# Match the Cantidates to their MAs!



## geezer (May 28, 2008)

Can you match John, Hillary and Barak to the martial arts they (secretly) practice. I know that they don't advertise the fact that they train--clearly the American public isn't quite ready for that yet. But WE KNOW BETTER! So what art do you suspect each one practices and why?


----------



## snoack (May 28, 2008)

geezer said:


> Can you match John, Hillary and Barak to the martial arts they (secretly) practice. I know that they don't advertise the fact that they train--clearly the American public isn't quite ready for that yet. But WE KNOW BETTER! So what art do you suspect each one practices and why?


 
Is this serious?


----------



## MA-Caver (May 28, 2008)

If it is we're in trouble. :lol:


----------



## Jai (May 28, 2008)

I'm not even going to touch this one.


----------



## OnlyAnEgg (May 28, 2008)

Hillary - Notably low center of gravity - I say Aikido

Obama - Lanky, wirey - Maybe Muay Thai

McCain - Duh - Tai Chi


----------



## Xue Sheng (May 28, 2008)

OnlyAnEgg said:


> Hillary - Notably low center of gravity - I say Aikido
> 
> Obama - Lanky, wirey - Maybe Muay Thai
> 
> McCain - Duh - Tai Chi


 
Why does everyone ALWAYS pick on TAIJI :uhyeah:


----------



## FearlessFreep (May 28, 2008)

Xue Sheng said:


> Why does everyone ALWAYS pick on TAIJI :uhyeah:



Heh... I was going to say

Clinton - Taekwondo (When she scores-takes credit, when she doesn't-blames the rule enforcement)
McCain - MMA (tries to pretend he's something different but is just rehashing old stuff)
Obama - Ninjitsu (Everybody is impressed with the packaging but not really sure what he's actually doing)


----------



## DavidCC (May 28, 2008)

FearlessFreep said:


> Heh... I was going to say
> 
> Clinton - Taekwondo (When she scores-takes credit, when she doesn't-blames the rule enforcement)
> McCain - MMA (tries to pretend he's something different but is just rehashing old stuff)
> Obama - Ninjitsu (Everybody is impressed with the packaging but not really sure what he's actually doing)


 
I was going the same direction but not sure I can top this LOL.


----------



## Shotochem (May 28, 2008)

FearlessFreep said:


> Heh... I was going to say
> 
> Clinton - Taekwondo (When she scores-takes credit, when she doesn't-blames the rule enforcement)
> McCain - MMA (tries to pretend he's something different but is just rehashing old stuff)
> Obama - Ninjitsu (Everybody is impressed with the packaging but not really sure what he's actually doing)


 

Now thats funny right there....:roflmao::roflmao:


-Marc-


----------



## tellner (May 28, 2008)

This is going to degenerate into a really stupid bit of election year viciousness in about twenty minutes. There's just no point in a bunch of the posts that people are going to be tempted to put up. So I'll go with what we do know.
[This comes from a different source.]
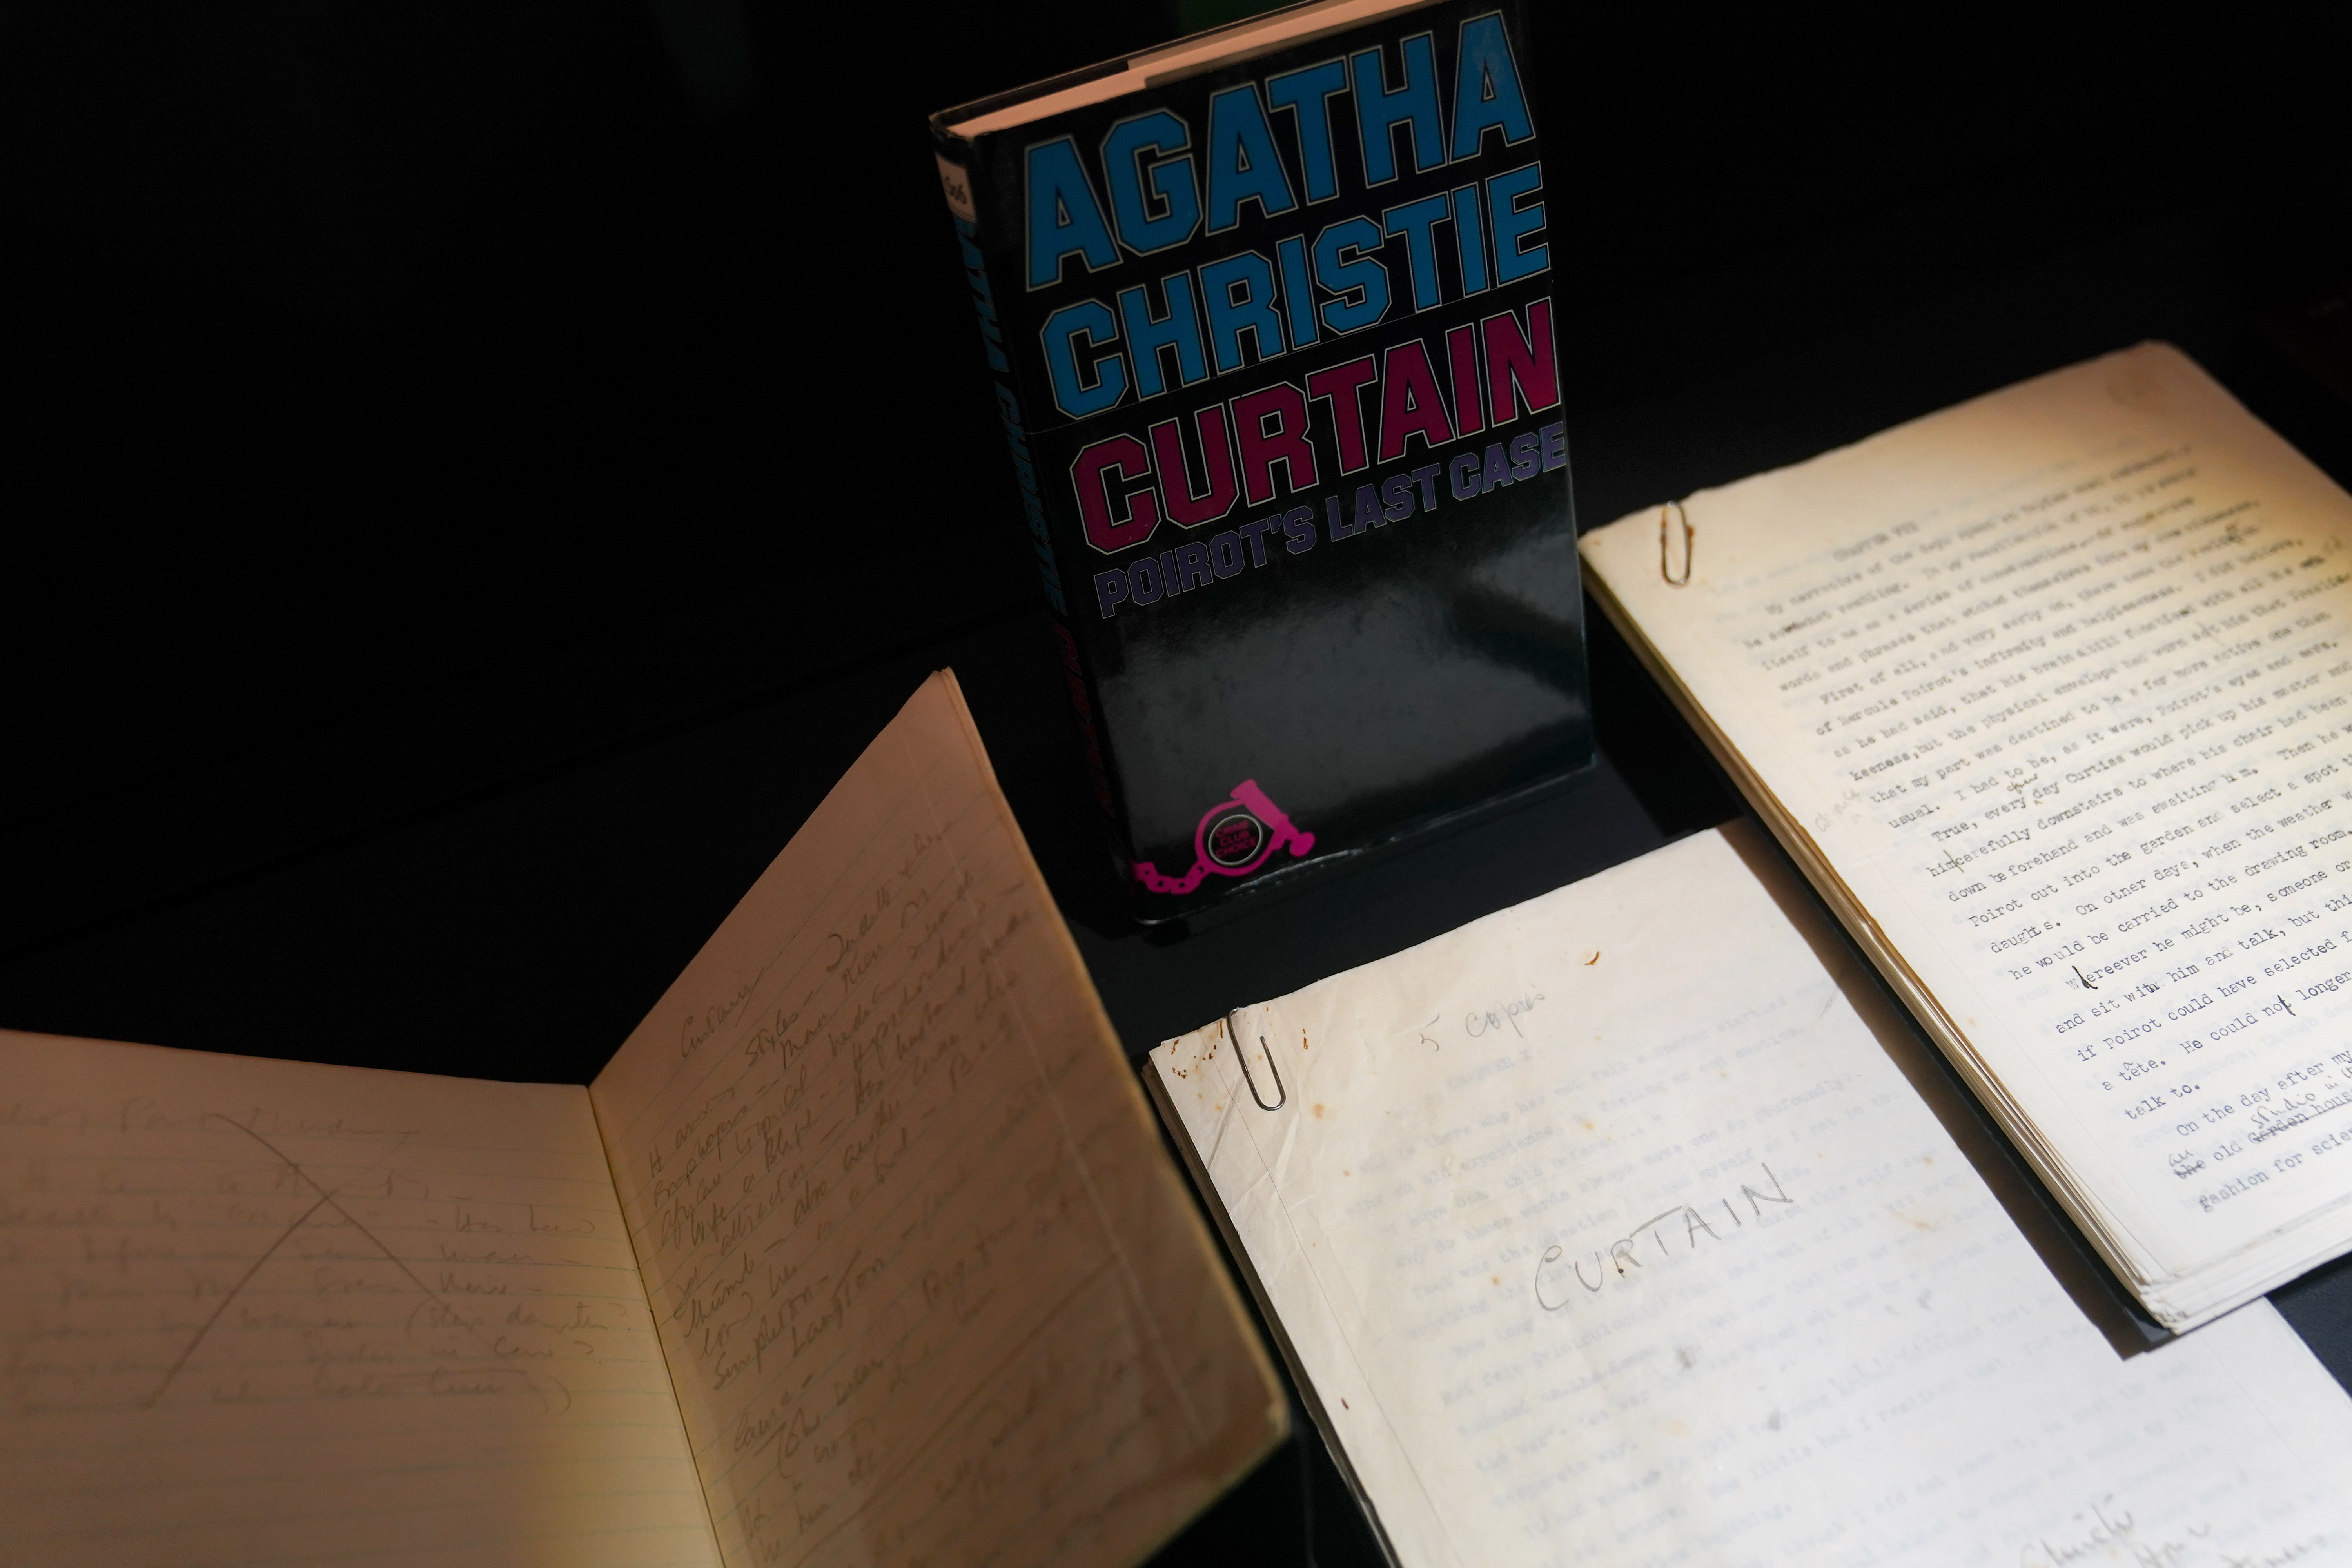 Agatha Christie's notebook and typescript for Curtain: Poirot's Last Case, which was kept in a bank vault for decades to avoid news of the detective's death from leaking, on display during a preview of Murder by the Book: A Celebration of 20th Century Crime Fiction. (Joe Giddens/ PA)

I'm not sure what martial art Senator Clinton would have been well-suited for. I haven't heard that she ever took up the hobby. She's 5' 9" which is 5" taller than average for an American woman. Her build seems typical for someone of her height and age. I suppose she would be able to do just about any martial art designed for people of normal build.
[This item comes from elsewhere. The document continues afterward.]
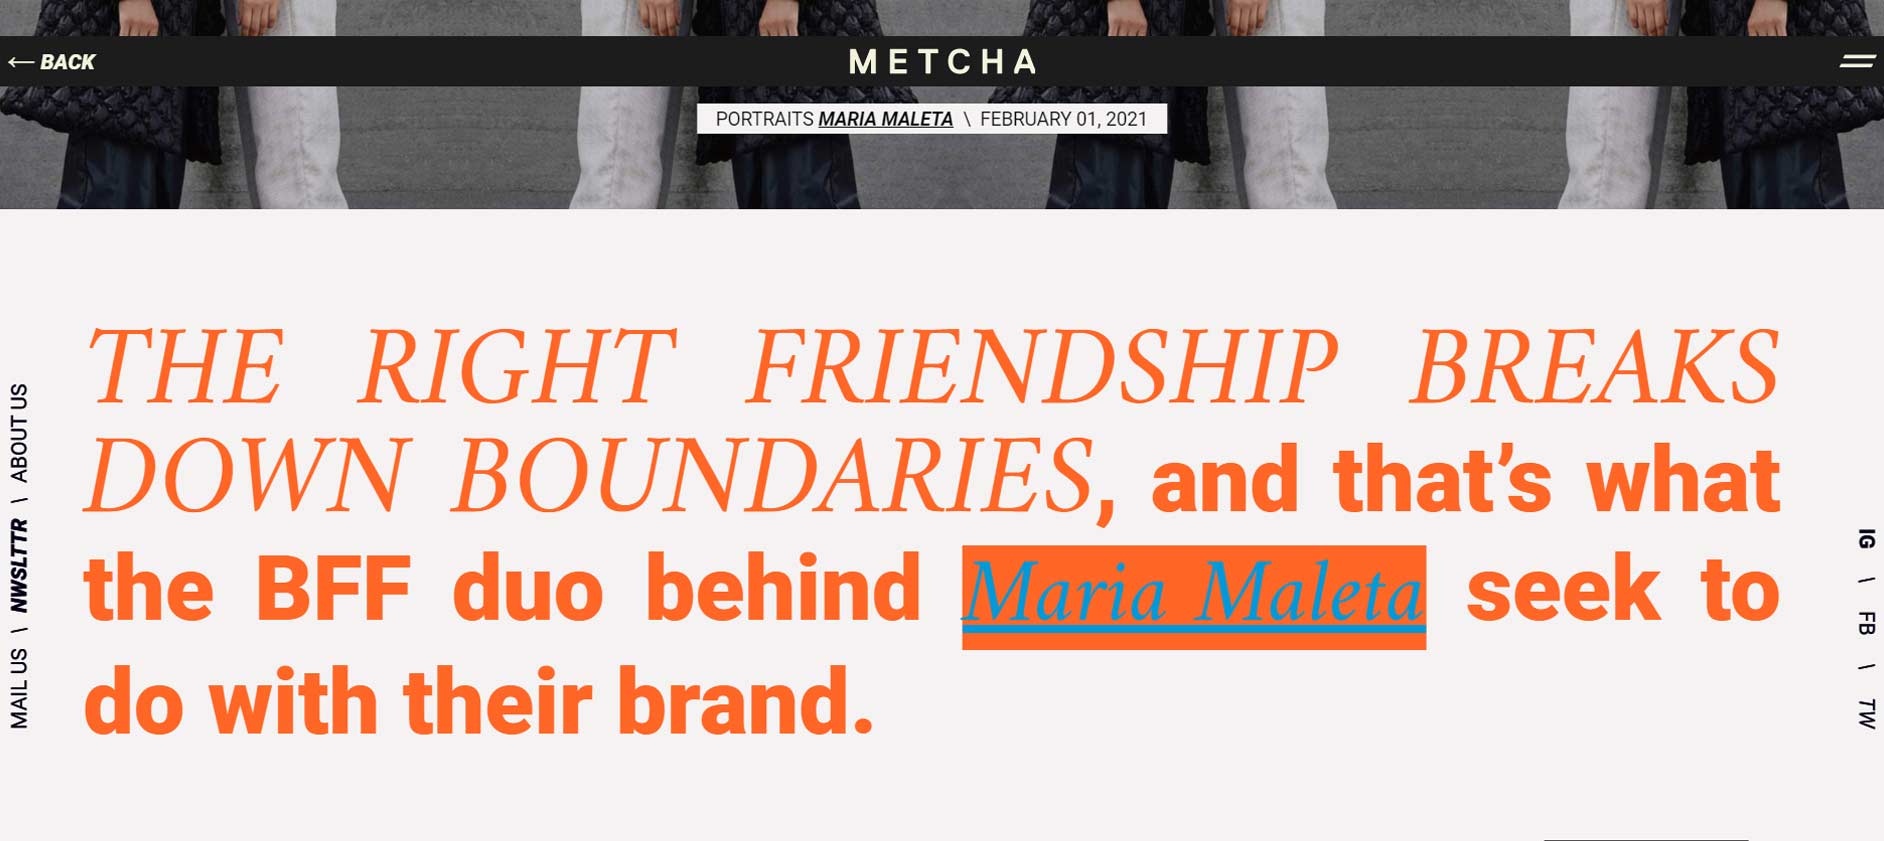 metcha-article-bags-brand-friendship2

Senator McCain was a lightweight boxer at the Naval Academy. In those days I believe cadets also did a certain amount of wrestling as part of PT. There was a Judo club at the time, although there is no evidence that the Senator was ever a member.

Senator Obama did Tae Kwon Do. There were gossip columns on it for a few days last year which have since fallen off the twig. I specifically remember his former teacher saying that he was too old for a lot of the stuff that requires extreme flexibility. But the Senator from Illinois had good stances and worked very hard. Given his height and build it seems like a good choice.


----------



## OnlyAnEgg (May 28, 2008)

I honestly feel this thread was designed for non-partison trashing.
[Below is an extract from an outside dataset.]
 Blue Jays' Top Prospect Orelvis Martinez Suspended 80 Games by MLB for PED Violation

I think it's supposed to be fun.


----------



## arnisador (May 28, 2008)

OnlyAnEgg said:


> I honestly feel this thread was designed for non-partison trashing.
> 
> I think it's supposed to be fun.



That was my take too.

Obama--peaceable--aikido.

Clinton--aggressive--hung gar.

McCain--military--Japanese karate.

Heck, just restricting this to animal-style kung fu provides plenty of opportunities!


----------



## Empty Hands (May 28, 2008)

Clinton - RBSD.  The overhyped tough talk and posturing is a perfect match.

McCain - duh, Tai Chi.  Everyone knows all old people do Tai Chi in the park. 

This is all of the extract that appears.